FIT3152 Data analytics -Early Stages Of Covid 19 Assignment
- Subject Code :
FIT3152
- University :
Monash University Exam Question Bank is not sponsored or endorsed by this college or university.
- Country :
Australia
Questions
During the early stages of the COVID-19 pandemic, researchers surveyed participants around the globe. A baseline study was conducted with the aim of identifying the most important predictors of pro-social COVID-19 behaviours, that is, actions that would reduce the spread of thevirus. You can read a more detailed description of the research and results in Van Lissa (2022), see references. The aim of this assignment is to understand country-level differences in predictors of pro-social behaviours, reported by participants as: I am willing to:
help others who suffer from coronavirus. (c19ProSo01)
make donations to help others that suffer from coronavirus. (c19ProSo02)
protect vulnerable groups from coronavirus even at my own expense. (c19ProSo03)
make personal sacrifices to prevent the spread of coronavirus. (c19ProSo04)
Your task is to analyse the baseline survey data overall, with a focus on the country you have been assigned. You may make use of any additional data you require to answer the following questions.
1. Descriptive analysis and pre-processing. (6 Marks)
(a) Describe the data overall, including things such as dimension, data types, distribution of numerical attributes, variety of non-numerical (text) attributes, missing values, and anything else of interest or relevance.
(b) Comment on any pre-processing or data manipulation required for the following analysis.
2. Focus country vs all other countries as a group. (12 Marks)
(a)Identify your focus country from the accompanying list (FocusCountryByID.pdf). How do participant responses for your focus country differ from the other countries in the survey as a group?
(b) Repeat Question 2(b) for the other countries as a group. Which attributes are the strongest predictors? How do these attributes compare to those of your focus country?
3. Focus country vs cluster of similar countries. (10 Marks)
(a) Using several social, economic, health, political or other indicators, identify between 3 and 7 countries (in the baseline data) that are similar to your focus country using clustering. Van Lissa (2022) refers to several indicators you might consider, among others. Some of these are listed in the references, but these are not exhaustive. State the indicators used and describe how you calculated/identified similar countries. Copy and paste the table of values you used for your clustering into your report as an Appendix.
(b) How well do participant responses predict pro-social attitudes (c19ProSo01,2,3 and 4) for this cluster of similar countries? Which attributes are the strongest predictors?
How do these attributes compare to those of your focus country? Comment on the similarity and/or difference between your results for this question and Question 2(c). That is, does the 3 group of all other countries 2(c), or the cluster of similar countries 3(b) give a better match to the important attributes for predicting pro-social attitudes in your focus country? Discuss.
4. Video Presentation: (Submission Hurdle and 4 Marks)

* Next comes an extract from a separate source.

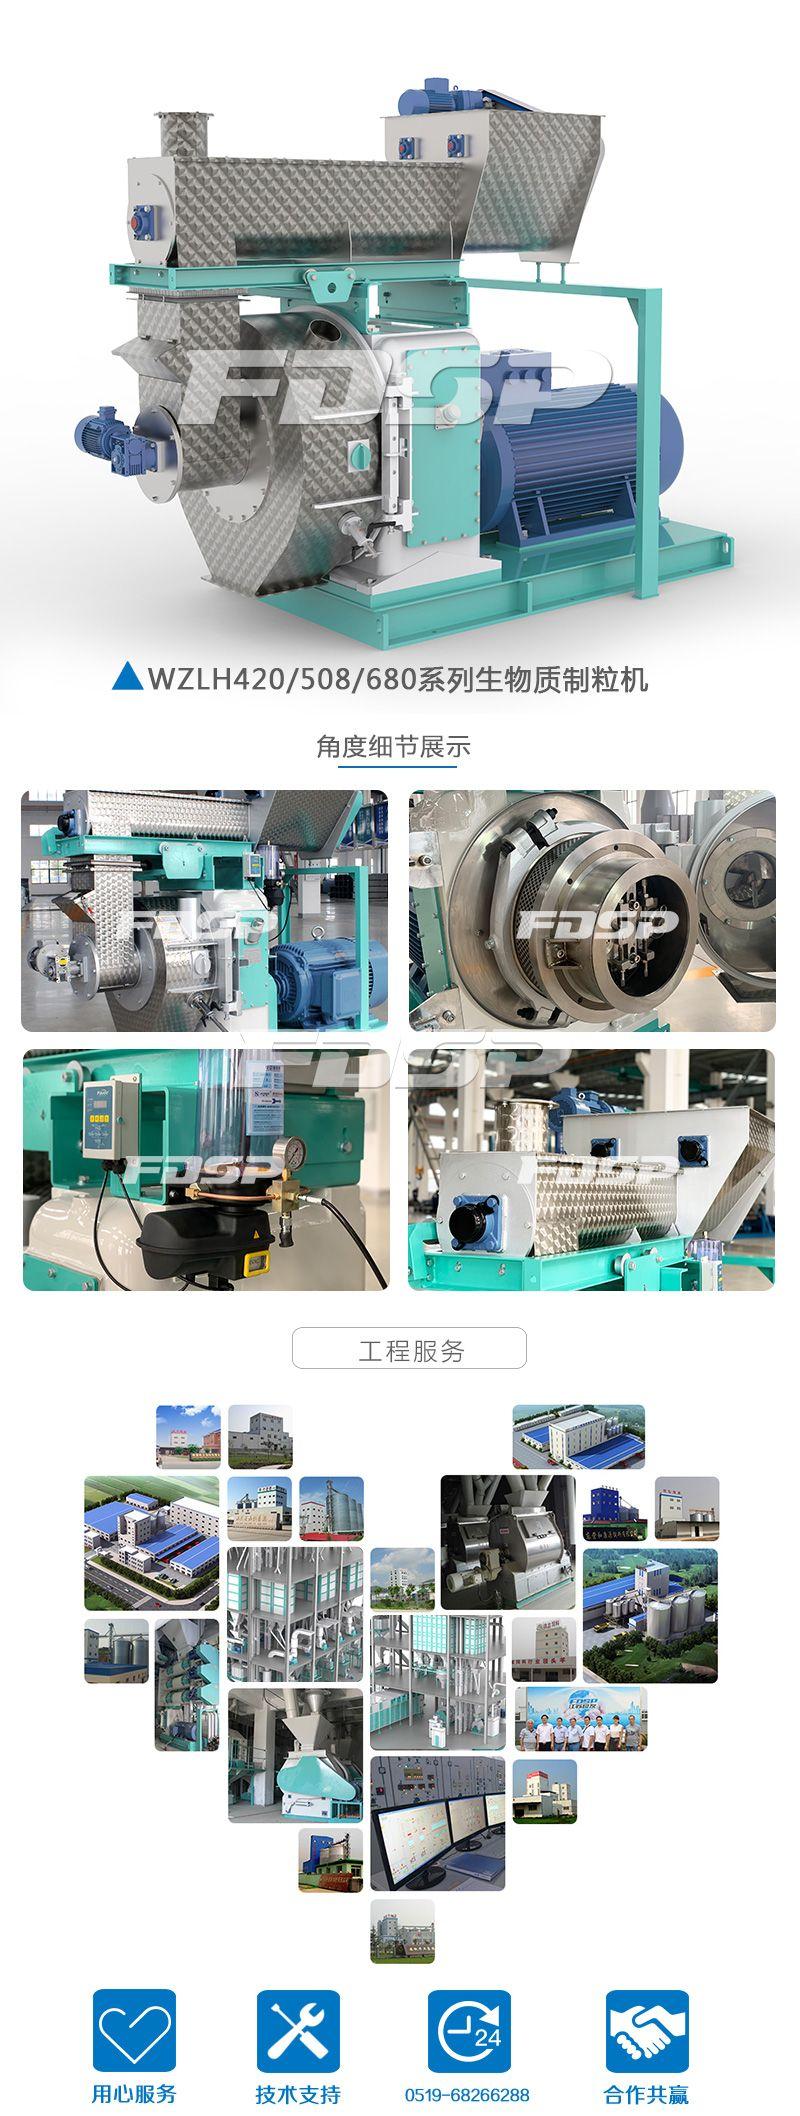 Granulador de biomasa serie MZLH680

Record a short presentation using your smart phone, Zoom, or similar method. Your presentation should be approximately 5 minutes in length and summarise your main findings for Sections 1 3, as well as describing how you conducted your research and any assumptions made. Pay particular emphasis to your results in Questions 2(c) and 3(b)
5 Overall considerations (8 Marks)
This includes: the quality and clarity of your reasoning and assumptions; the strength of support for your findings; the quality of your writing in general and communication of results; the quality of your graphics throughout, including at least one high-quality multivariate graphic; the quality of your R coding.
Data
The data for this assignment is a reduced version of that collected for the PsyCorona baseline study, Van Lissa et al. (2022). The filename is PsyCoronaBaselineExtract.csv. The data includes ordinal data coded on a numerical scale. For this assignment assume it is reasonable to treat these responses as numerical.
Create your individual data as follows:
rm(list = ls())
set.seed(12345678) # XXXXXXXX = your student ID
cvbase = read.csv("PsyCoronaBaselineExtract.csv")
cvbase <- cvbase[sample(nrow(cvbase), 40000), ] # 40000 rows
Locate your focus country using the accompanying document FocusCountryByID.pdf.